(ASSIGNMENT): Exactly the lines from the one containing "After reports of" through the one containing "Alliance for Pharmacy" in the listing below are to be copied, with the pictures left out.

(EXTRACTED ENTRIES):
---

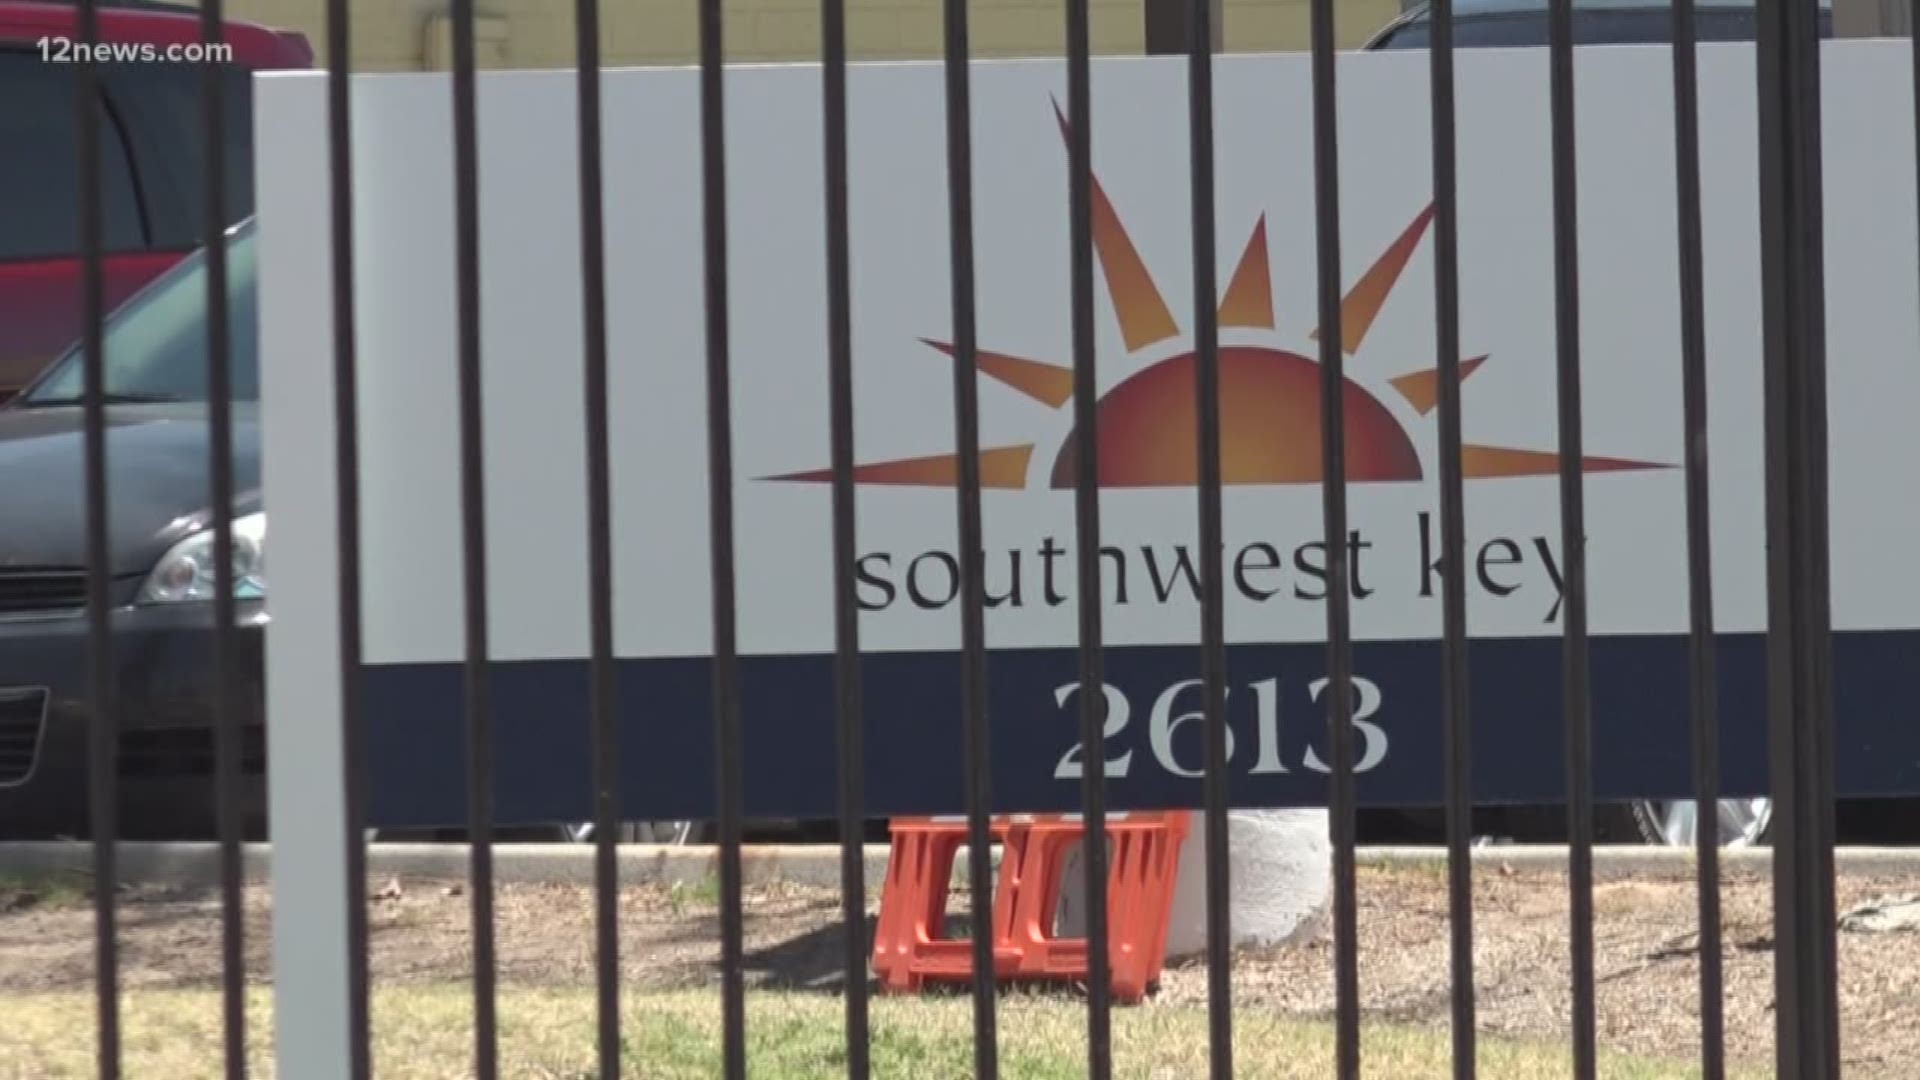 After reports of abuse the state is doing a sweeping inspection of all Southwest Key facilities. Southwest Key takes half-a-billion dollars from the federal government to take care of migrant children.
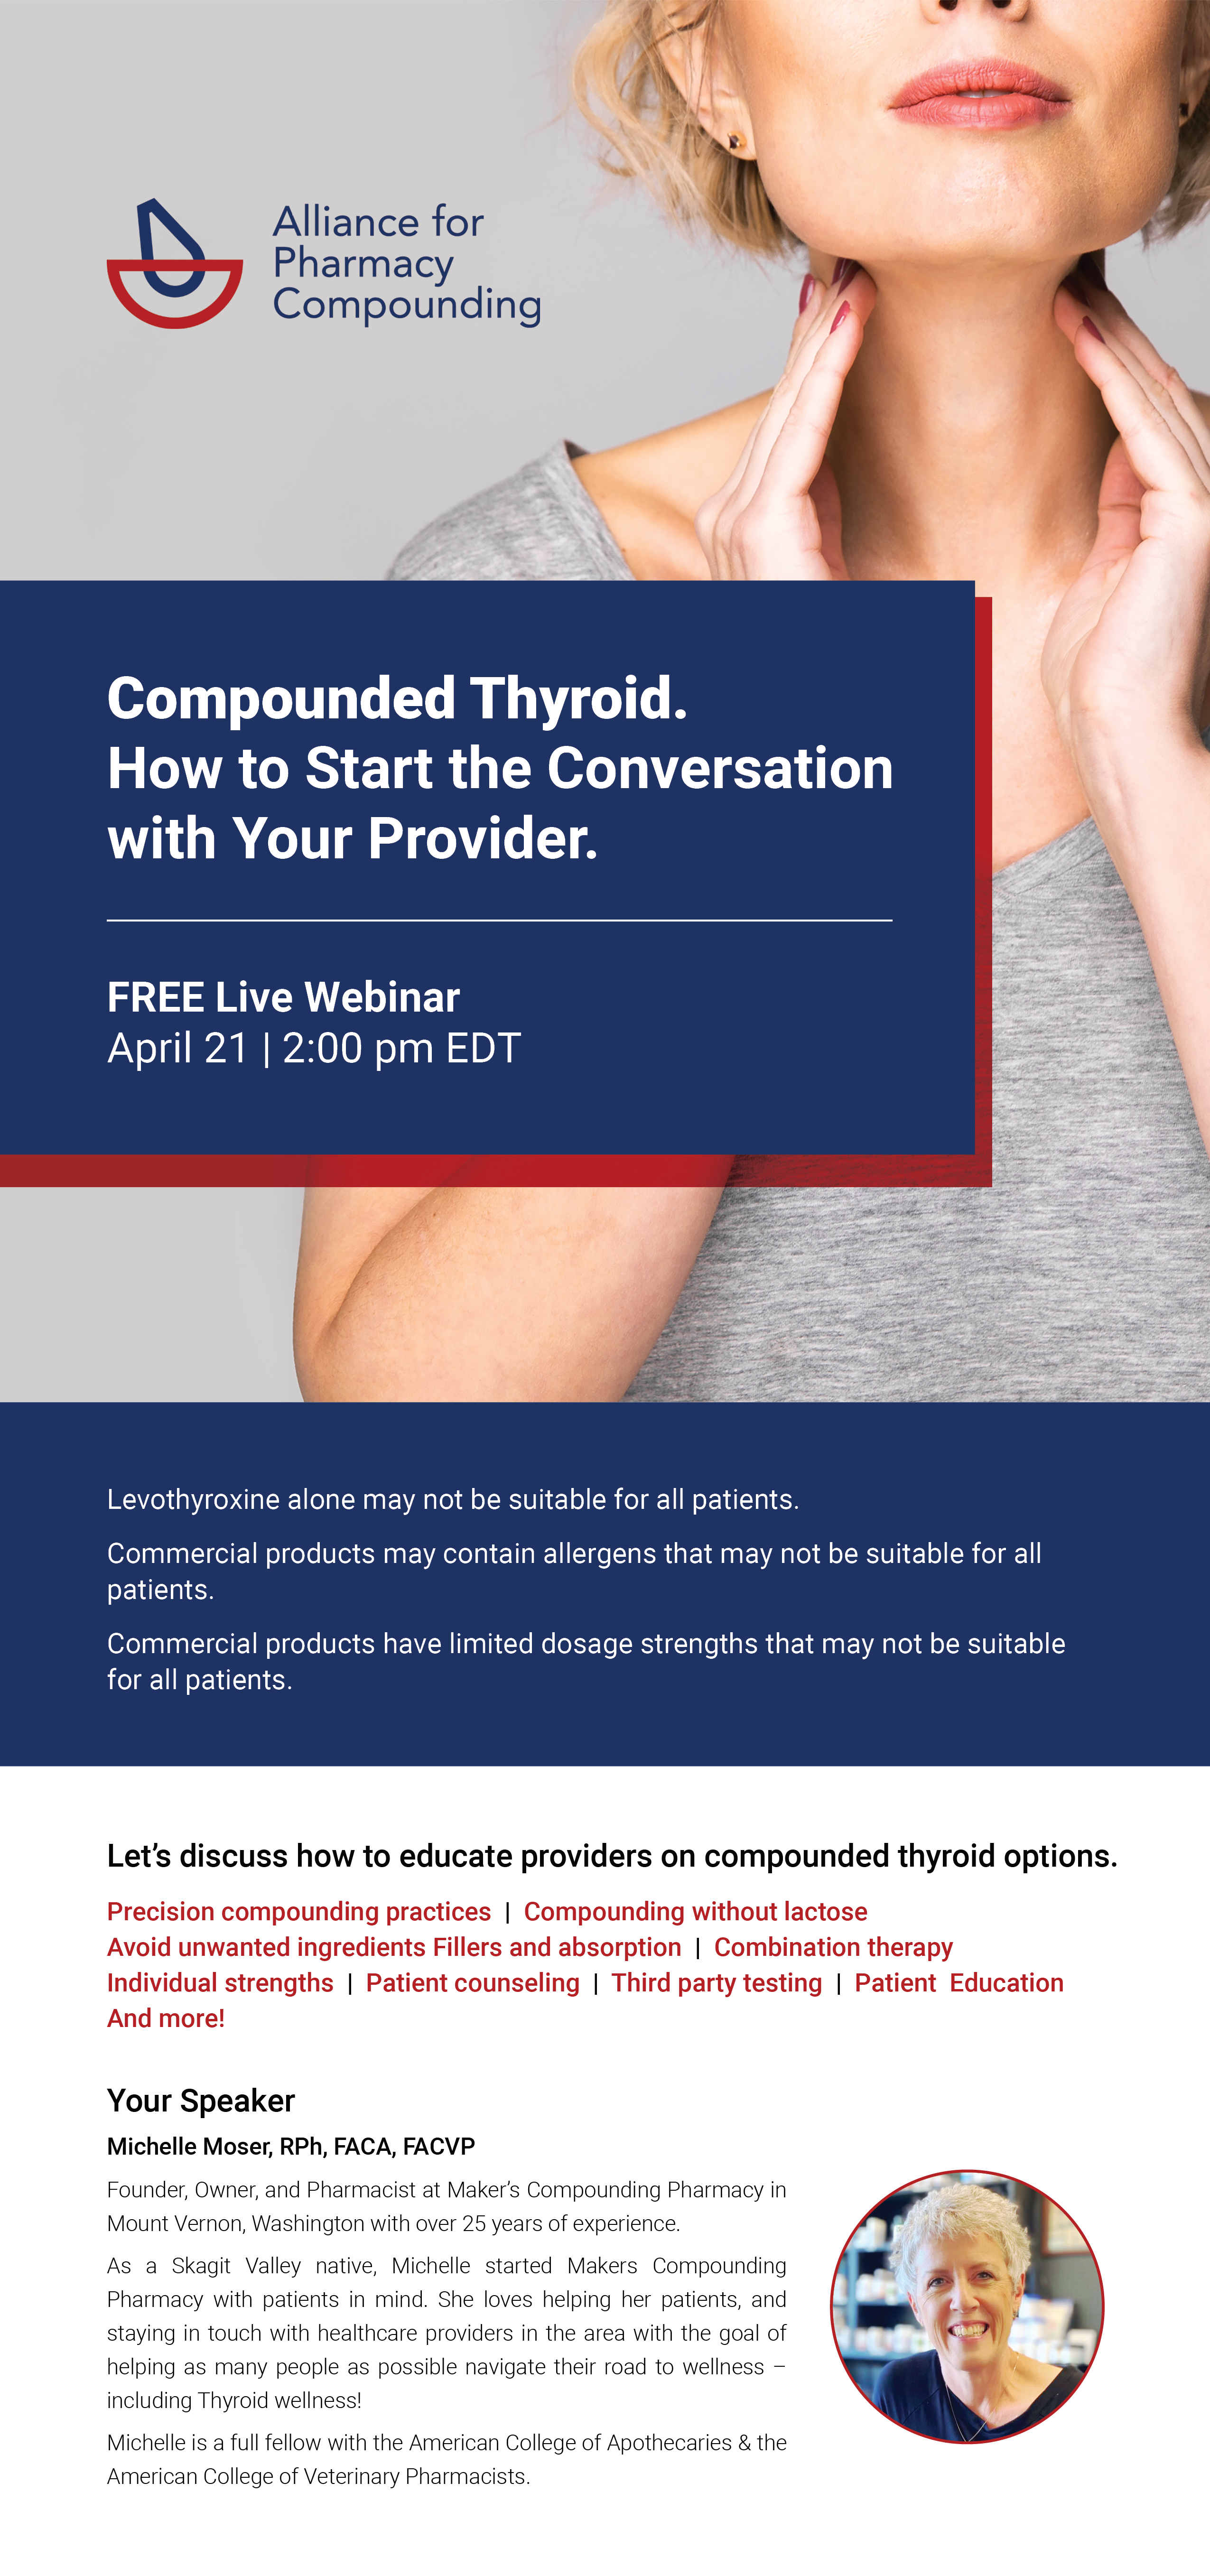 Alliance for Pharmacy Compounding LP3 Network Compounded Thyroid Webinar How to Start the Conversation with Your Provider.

---

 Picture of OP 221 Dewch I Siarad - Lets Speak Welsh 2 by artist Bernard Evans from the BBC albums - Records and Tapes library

---

(WRITTEN ANSWER):
 After reports of abuse the state is doing a sweeping inspection of all Southwest Key facilities. Southwest Key takes half-a-billion dollars from the federal government to take care of migrant children.
 Alliance for Pharmacy Compounding LP3 Network Compounded Thyroid Webinar How to Start the Conversation with Your Provider.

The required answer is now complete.